Contextual Scoring Kills 80 Percent of the Noise
Stop chasing single IOCs. Move from one IP to a CIDR block or ASN. Move from one hash to fuzzy hashing for similarity. The question is whether you can attribute these indicators to a known actor's infrastructure. Jay claims this filter alone removes 80 percent of triage work — and gives you back the hours you currently spend on individual indicators that lead nowhere.
PIRs Decide What's Even Worth Reading
Priority intelligence requirements are Jay's strongest anti-fatigue tool. If intel does not align with a stakeholder's PIR, archive it. A SOC analyst cares about behaviors, lateral movement, and ports — not whether you can name a zero day. A vulnerability manager wants to know the initial access vector, not the CVSS score everyone already saw. Different audiences, different value.
Tiered Reporting Is a Sandwich
Jay sketches the three tiers as a sandwich — strategic on top, operational in the middle, tactical as the unique core. Tactical reports for the SOC: IOCs, IPs, domains, hashes, malware signatures, immediate blocking. Operational for IR teams and mid-level managers: campaigns, TTPs, attacker names, initial access through exfiltration narrative. Strategic for CISOs and executives: threat landscape trends, geopolitical motivations, long-term resource allocation. Same incident, three completely different write-ups. He runs Salt Typhoon as a worked example — telecom targeting and Belt and Road framing for the strategic readers, never that level of geopolitics for a SOC analyst who needs IOCs.

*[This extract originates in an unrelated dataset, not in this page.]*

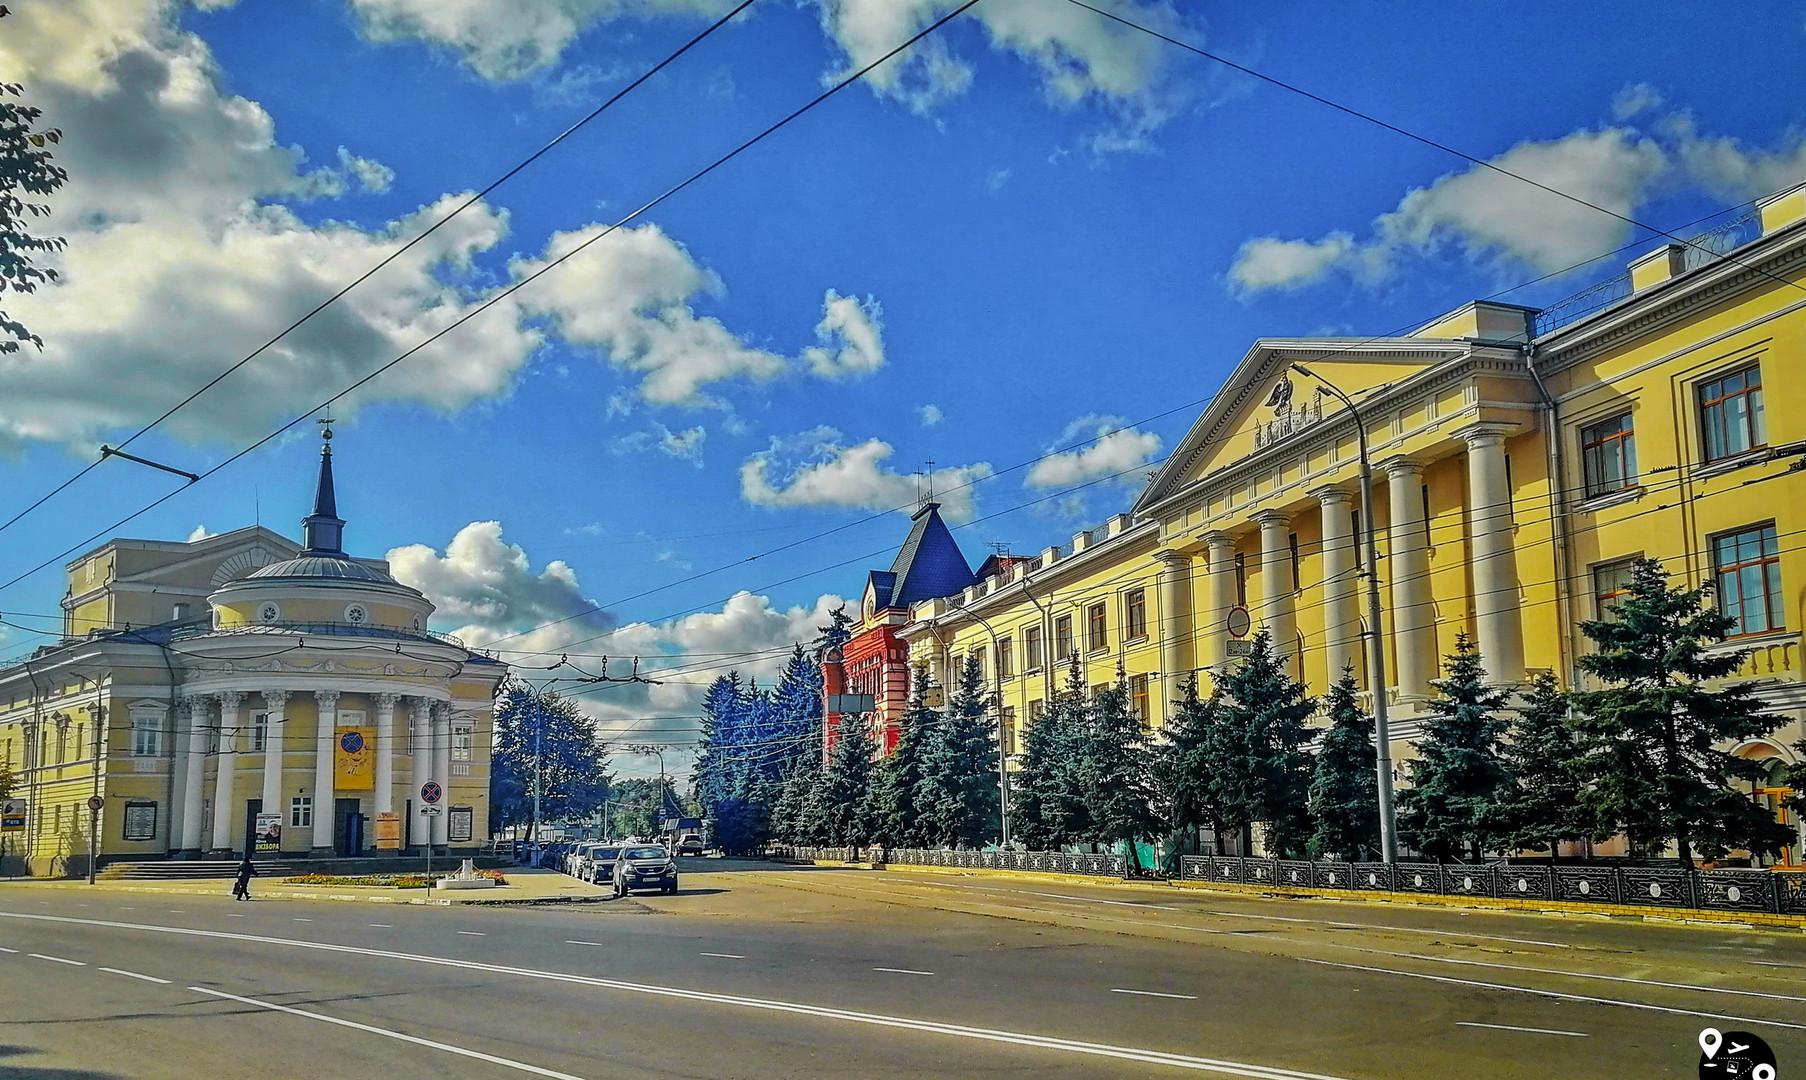 Площадь Карла Маркса, Орел

The Force Multiplier and the Diamond Model
When the four values stack — context, PIRs, tiered reporting, audience translation — CTI becomes a force multiplier across SOC, IR, vulnerability management, and leadership. Jay closes by pushing past MITRE. He acknowledges MITRE is taught and important, but argues for operationalizing the Diamond Model instead: actor, infrastructure, capability, victim. You get the full life cycle, real victimology, and a hunting starting point — not just a TTP map. Every report should end with analyst comments. AI can scaffold; the human voice is what makes it actionable intelligence.
Who Should Watch
CTI analysts who are burning out on feeds, SOC analysts thinking about a CTI move, and any security leader trying to understand why their threat intel team feels like it is always behind. Strong on practical filtering and audience-tailored reporting; particularly useful if you are setting up a new CTI function and need a clear operating model.